Catheter salvage therapy is used in patients with long term catheters who have limited venous access and need to retain the catheter. This occurs in individuals for whom the risk of removing the catheter (bleeding diathesis, lack of additional sites in which to place a new catheter) outweighs the benefit of leaving the catheter in place. The patient must not have signs or symptoms of an exit site infection, a tunnel infection, or any metastatic infection such as endocarditis or osteomyelitis.
2. Emergency Management
At least 2 sets of blood cultures should be obtained before starting broad spectrum antibiotics. Empiric therapy should include vancomycin (or daptomycin) and Gram negative coverage based on the local antibiogram. Antifungal coverage should be initiated for patients with hemalotogiic malignancy, stem cell transplantation, prolonged use of broad spectrum antibiotics, total parental nutrition, femoral catheterization or known colonization with Candida species. In patients who are unstable, the catheter should be removed.

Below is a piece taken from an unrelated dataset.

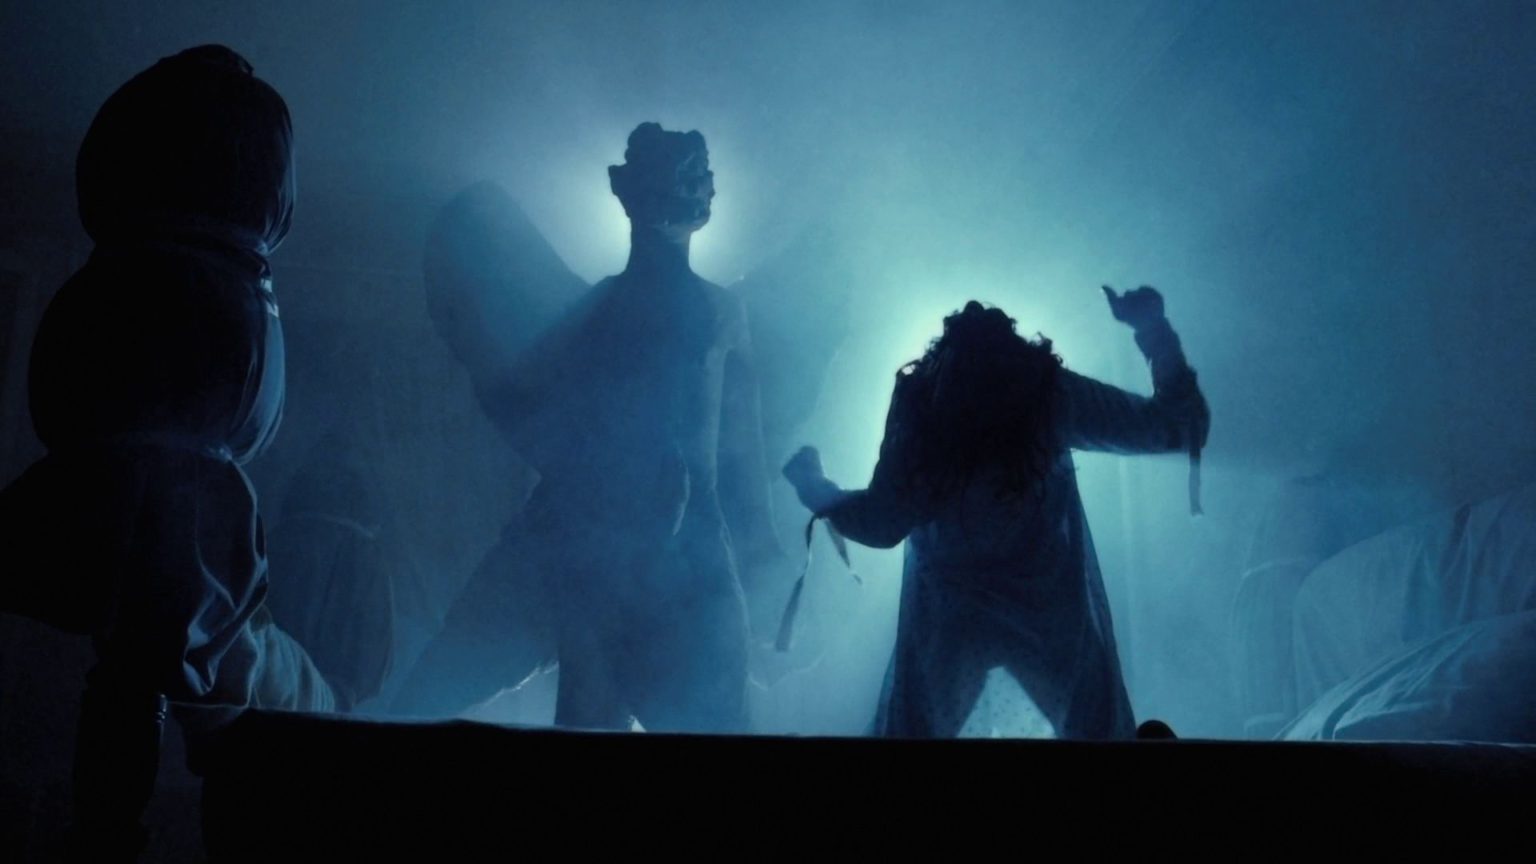 Review de O Exorcista, o clássico filme do gênero terror de 1973.
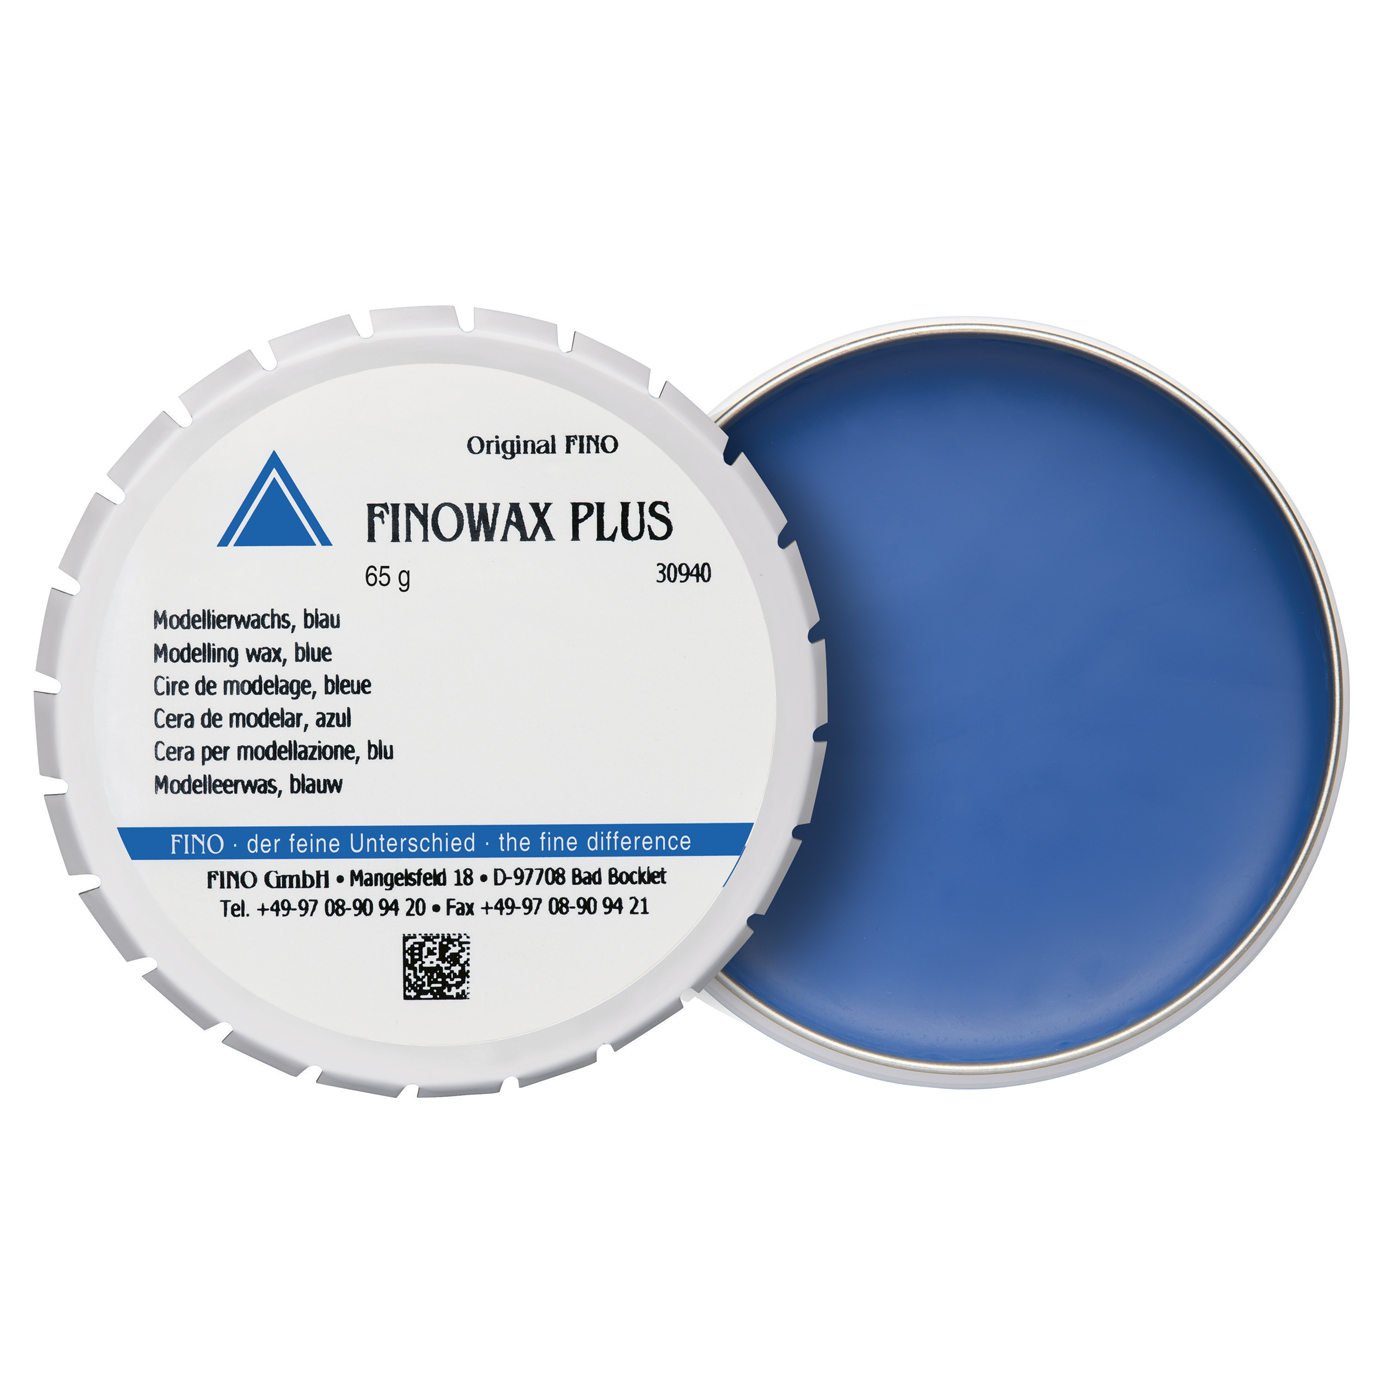 FINOWAX PLUS Modelling Wax, Blue - 65 g

Diagnostic criteria and tests
Paired blood cultures should be obtained from a peripheral vein and the catheter. Bottles should be marked to reflect the site from which the blood came. If blood cannot be obtained from a peripheral vein, blood cultures should be obtained from different catheter lumens.
If the catheter is removed because of suspicion of infection, catheter tips should be sent for culture. Growth of more than 15 cfu by roll plate method or more than 102 cfu by quantitative broth culture reflects colonization. A colonized catheter with the same organism found in the blood culture is indicative of CRBSI.
A diagnosis of CRBSI requires that the same organism grow from at least one percutaneous blood culture and from the catheter tip. Alternatively, if the catheter is not removed, two blood cultures (one from the catheter and one from a peripheral vein) that meet criteria for differential time to positivity (DTP), or two blood cultures obtained from two different catheter lumens that meet DTP can be considered to reflect a CRBSI. If quantitative blood cultures are performed, a colony count of organisms grown from blood obtained through the catheter that is at least three times greater than the colony count obtained from a peripheral vein blood culture makes the diagnosis of CRBSI.
Confirming the diagnosis
The main diagnostic issue is matching blood culture to a catheter tip culture or obtaining blood cultures from the catheter lumens with a DTP greater than 2 hours.
Other possible diagnoses
If blood cultures and the catheter tip culture are negative, look for an alternative source of fever or consider mycobacterial infection.
4. Specific Treatment
Recommendations for specific treatment are based on the IDSA Guidelines for the Diagnosis and Management of Intravascular Catheter-Related Infections, PUBMED:19489710
Removal of the catheter is recommended, as it has been associated with more rapid clinical response and higher cure rates that retention of the catheter. S. aureus bacteremia results in hematogenous complications in 20-30% of patients, and failure or delay in removing the catheter increases this risk.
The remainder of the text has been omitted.